Local businesses can contribute to SDGs…through procurement and CSI


Edgar Brandt

Windhoek-Estimates indicate that an investment of US$2 trillion to US$3 trillion a year will be required to realise the 17 Sustainable Development Goals (SDGs) adopted by the United Nations (UN) at the beginning of 2016, which all UN members subscribed to, including Namibia.

Yesterday, the Namibia Chamber of Commerce and Industry (NCCI) conducted a forum where businesses were encouraged to contribute to the SDGs.

The potential areas in which they could contribute include aligning their business operations, specifically their procurement budgets and corporate social investments, to activities that could have a maximum impact on the attainment of these SDGs, for which the UN has set a target date of 2030.

“The private sector is therefore urged to spend more of its procurement budgets on local suppliers, especially small and medium-sized enterprises as well as those in rural areas, where they make a significant impact on the living standards of local communities,” a director of the NCCI Theo Mberirua said.

The SDGs follow the UN’s Millennium Development Goals (MDGs), which were agreed on by world leaders at the turn of the century.
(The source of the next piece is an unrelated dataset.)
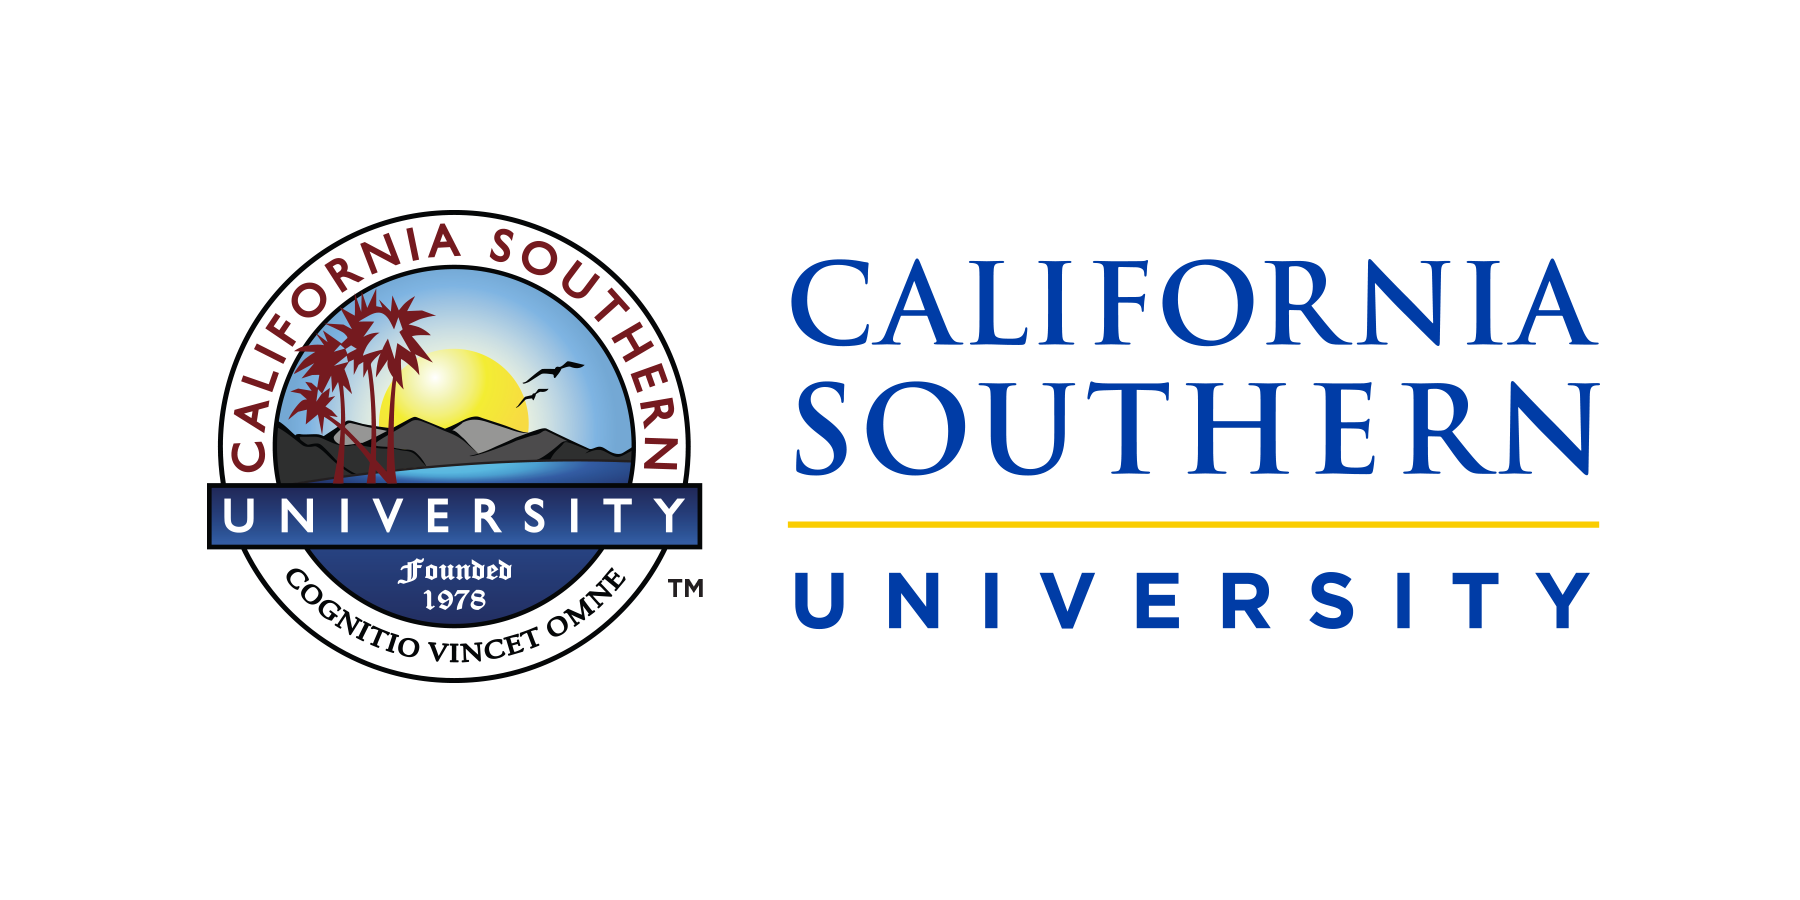 California Southern University Better Business Bureau® Profile

The United Nations Development Programme’s resident representative, Kiki Gbeho, said the MDGs received a mixed score, but described them as being largely successful.
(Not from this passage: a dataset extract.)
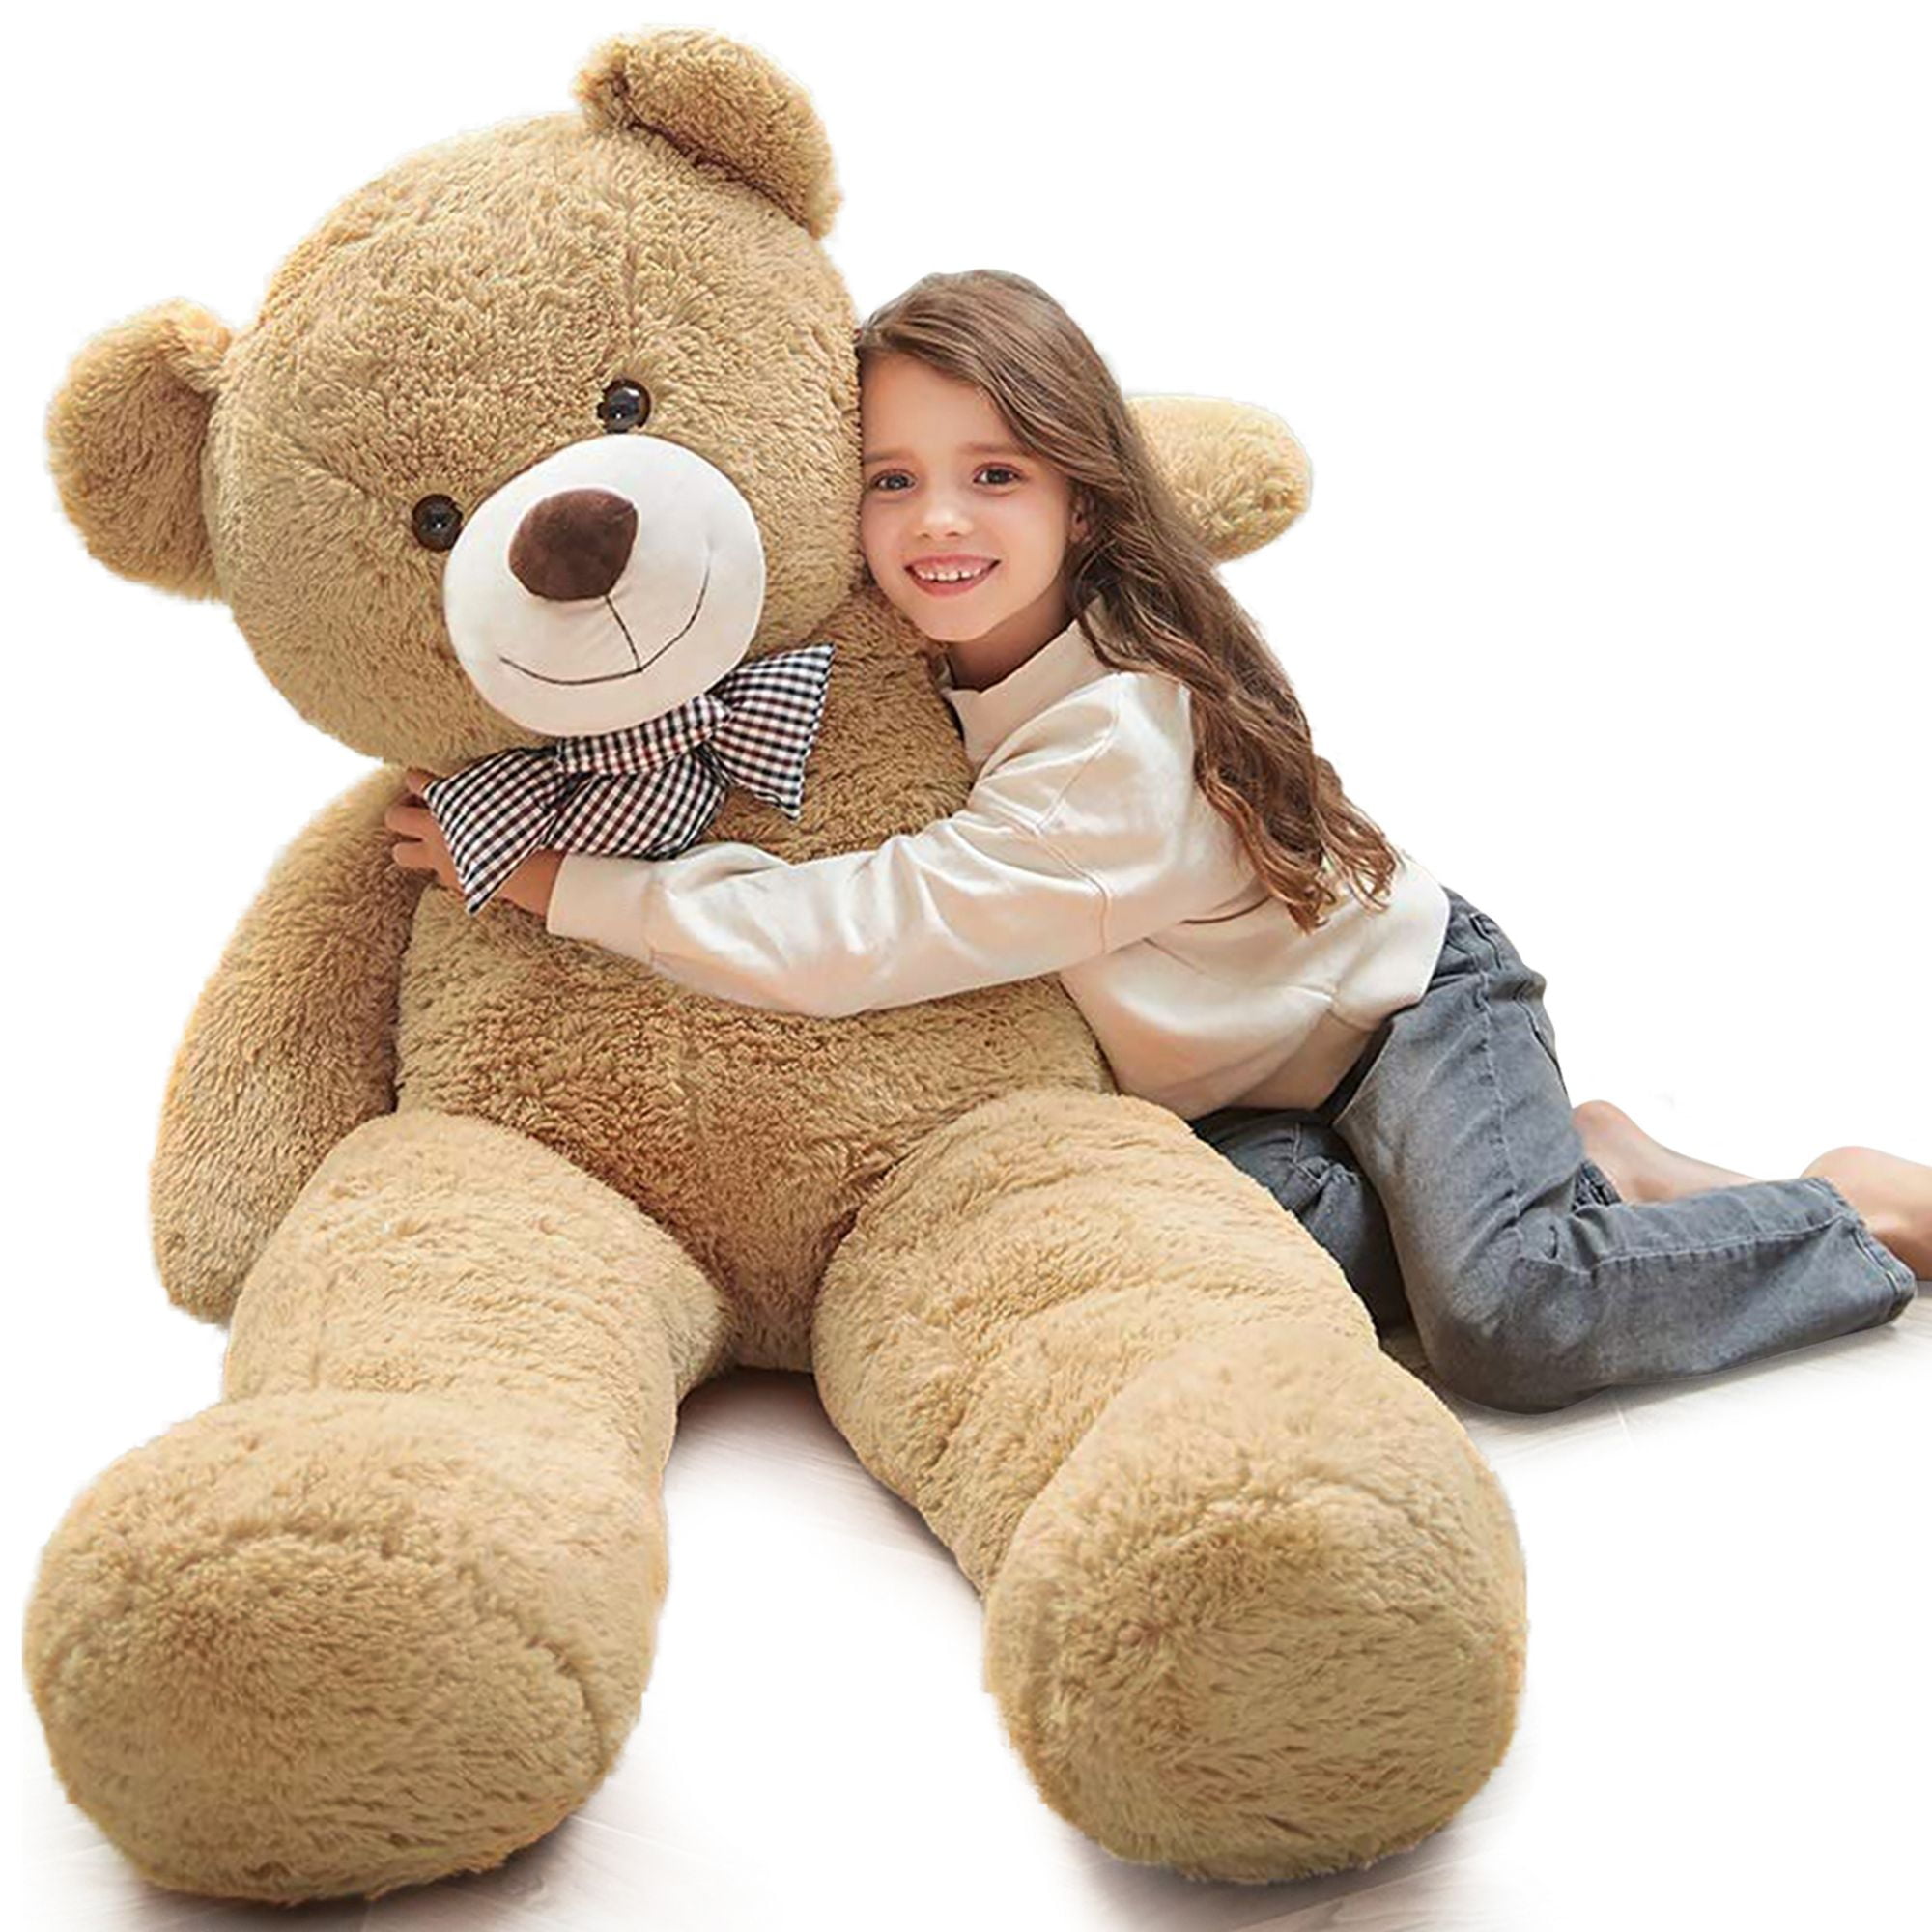 MorisMos Giant Teddy Bear 39.3'' Stuffed Animal Soft Big Bear Plush Toy

She pointed out that during the 15 years of MDGs, the initiative managed to reduce the number of hungry people in the world from 15 percent to 11 percent.

Between 2002 and 2012, the MDGs halved the proportion of people living in extreme poverty, and the number of the world’s workers living on less than US$1.90 a day declined from 28 percent to 10 percent.

“This agenda (the SDGs) is meant to end poverty and inequality; protect the planet; and ensure prosperity for all.

“Arriving at this agenda was a bottom up consultative process where over 7 million people and institutions (including the private sector) were consulted. The SDGs therefore represent the aspirations of the world and its people,” Gbeho said.

She noted that since independence, Namibia had logged many successes, such as being classified an upper middle-income country by the World Bank, and achieved one of the fastest reductions in poverty on the continent (from 69 percent to 18 percent).

In addition, the Mo Ibrahim Index of African Governance ranked Namibia number five in Africa overall.

The country ranked number one in Africa in the provision of education; number four in terms of gender parity in parliament and number one in Africa on press freedom.

Namibia had an open economy with good quality infrastructure and was a country that had managed to reduce inequality while growing its gross national income.

However, despite these successes, the country is still one of the most unequal countries in the world with a Gini coefficient of 5.4.

“And we know, that a one percent increase in income in the most unequal countries, produces a mere 0.6 percent reduction in poverty, while in the most equal countries, it could yield up to a 4.3 percent decrease in poverty,” she said.

“What is clear is that the global development agenda is also relevant to Namibia. What is also clear is that this agenda cannot be tackled by any one entity alone, including government.

“New partnerships will need to be forged if progress is to be made. We need to foster a new era of collaboration and we believe the private sector has a unique opportunity to embrace this development agenda and recognise it as a driver of sustainable business strategies, innovation and investment decisions,” Gbeho continued.

The United Nations estimates that by 2050, the world will need to produce twice as much food as it produced in the year 2000, but with the same amount of land and using less water.

The world through the Paris Agreement has called for a rapid transition to a low carbon world, calling for clean ways of generating energy and innovation in the way it builds and operates its transport systems. The estimates of the financial resources required to address Africa’s infrastructure needs currently stand at US$93 billion a year.

Achieving the SDG goals, therefore also offered economic and investment opportunities for business.

The private sector, she said, was known for its efficiency, innovation and talent and could come to the table to make the world a better place.